1 Comment RSS Site Feed Author: AITpro Admin
Published: January 3, 2011
Updated: April 26, 2011

Open the secure.htaccess file in the BPS File Editor and add this Apache ErrorDocument Directive.  You can also add this to your currently active root htaccess file as well so that you do not have to reactivate BulletProof Security Mode for the root folder.  It does not matter where you put the ErrorDocument directive in your htaccess files because it is a matching condition or rule.  So this means that it only comes into play if one of the filters triggers a Forbidden activity or action.  I have included the ErrorDocument directive in the htaccess file example below near the top of the htaccess file just to keep it simple and visually logical.  The example below shows that the ErrorDocument 403  directive has been added after Options -Indexes near the top of the secure.htaccess file.

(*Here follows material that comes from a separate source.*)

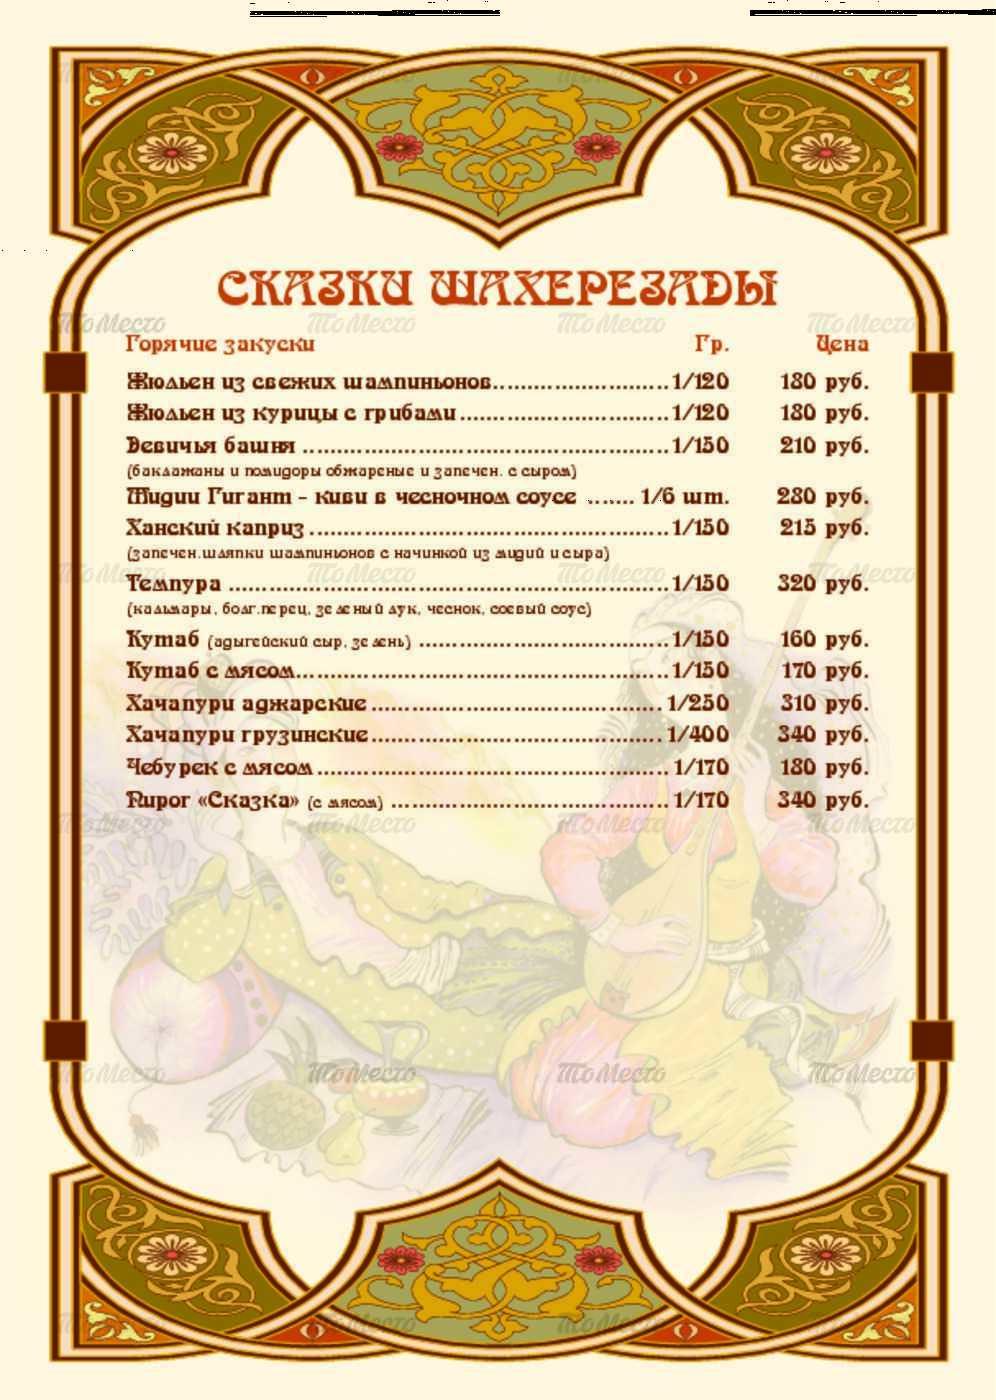 Меню ресторана Сказки Шахерезады на Московском проспекте
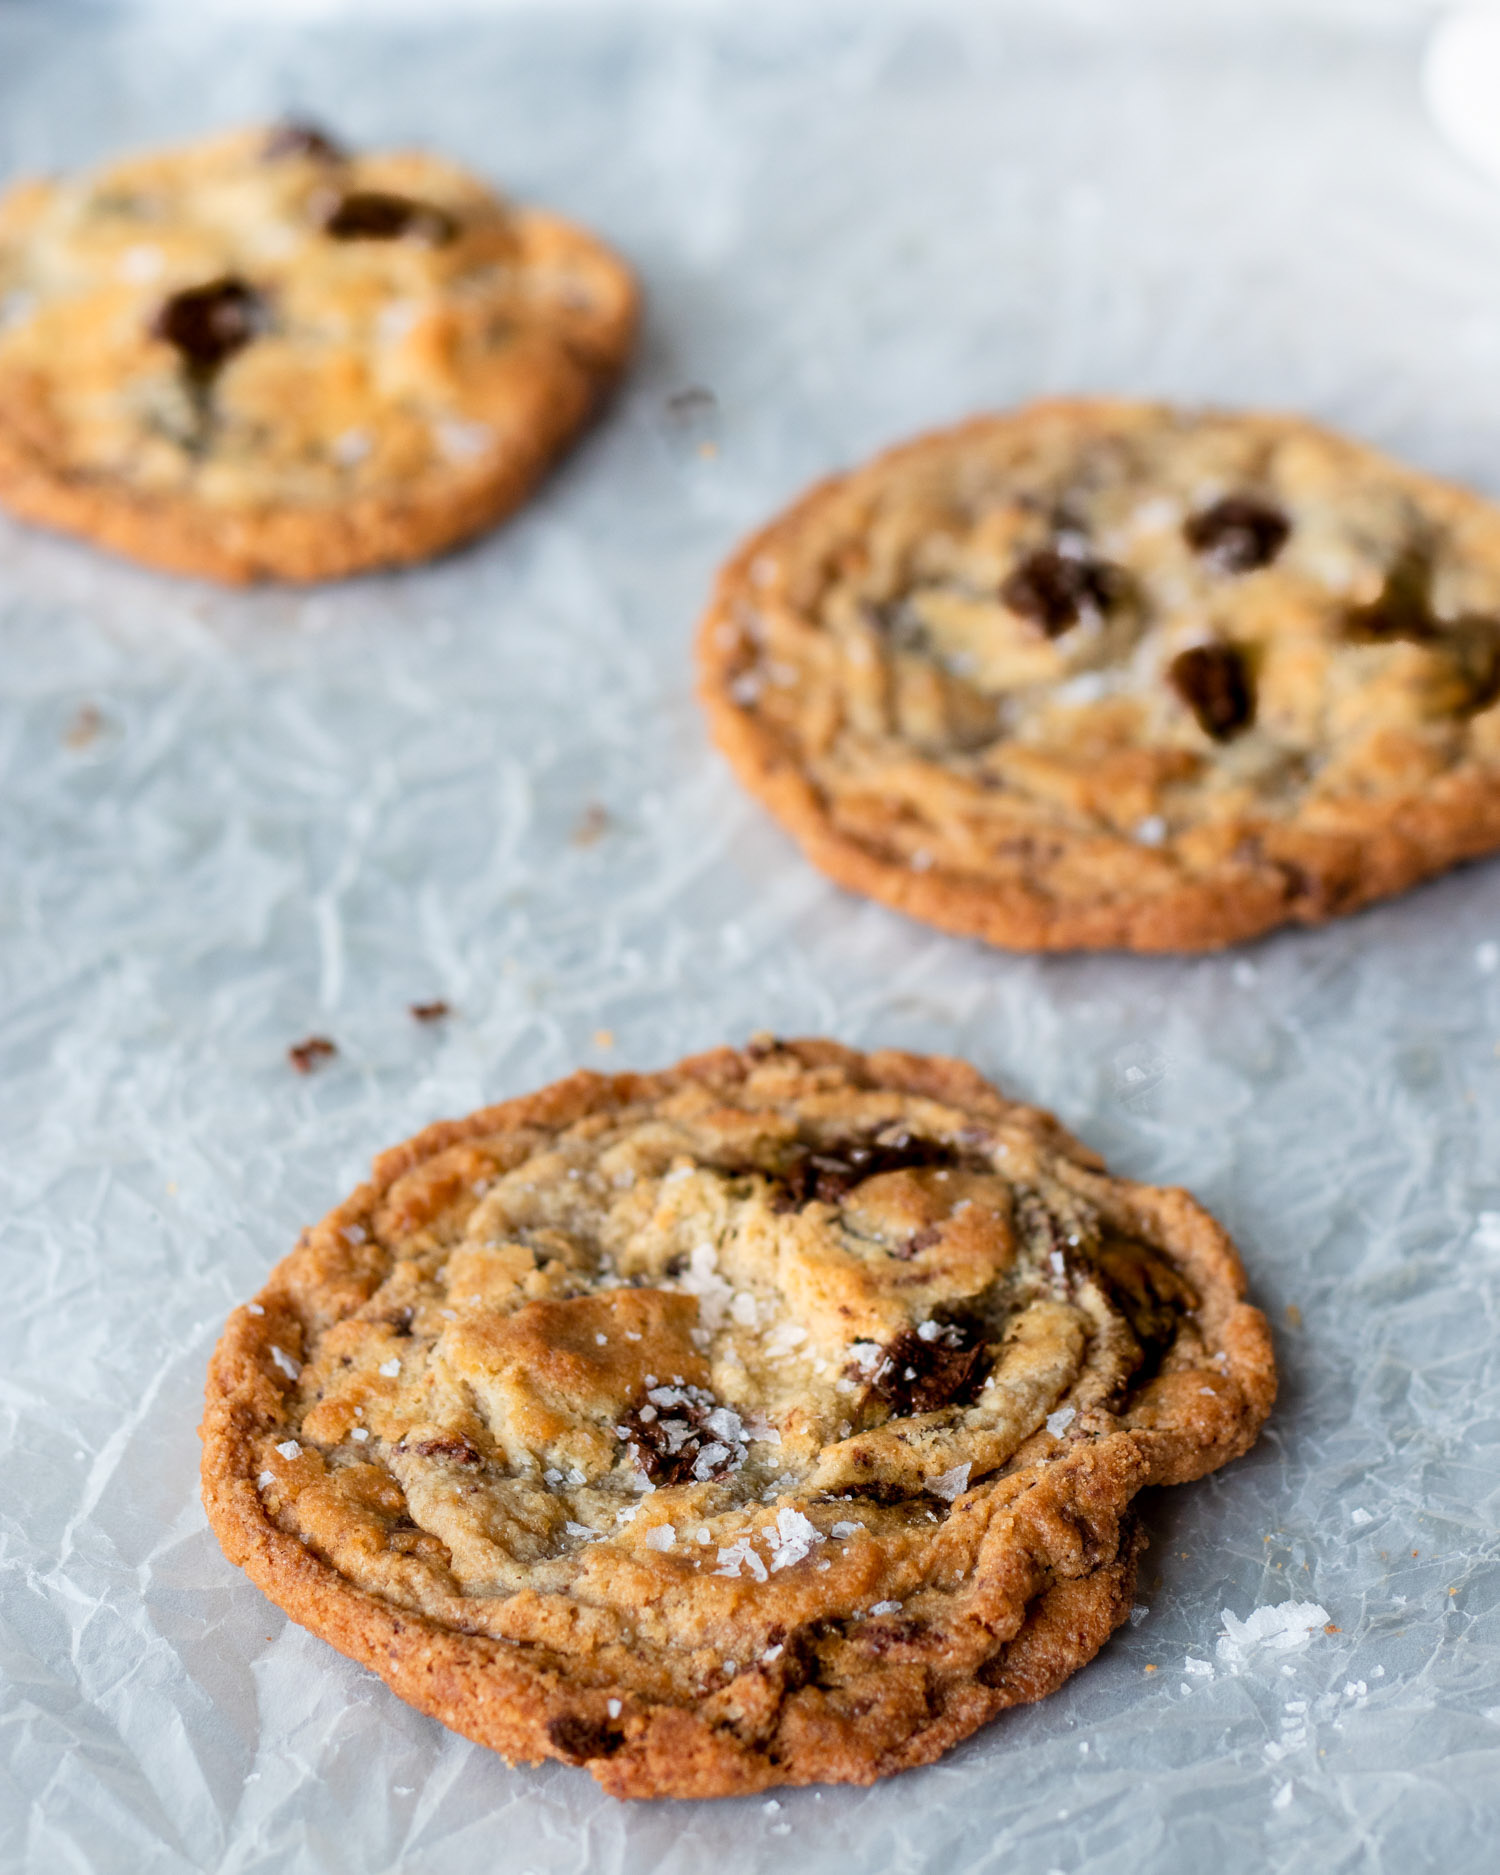 tahini-chocolate-cookies-on-tray

BPS .45.8 includes the ErrorDocument htaccess code (commented out until you uncomment it to “turn it on”) and the ait-pro.com forbidden.html file is in the /plugins/bulletproof-security/ folder.  Download and customize the forbidden.html file for your website and upload it to your correct website folder.  In BPS .45.9 this will be a one click feature, but for now it is manual. 

If you want to use the Forbidden HTML page that AIT-pro.com is using as a starting point and customize it for your website > Download the AITpro forbidden.html file > or you can just create your own from scratch.  Upload the AITpro or your own forbidden.html file to your website.  If your WordPress installation is in the root folder then you can upload the file there.  It does not really matter where the forbidden.html is uploaded to your server / website as long as the path matches for the ErrorDocument 403 / directive.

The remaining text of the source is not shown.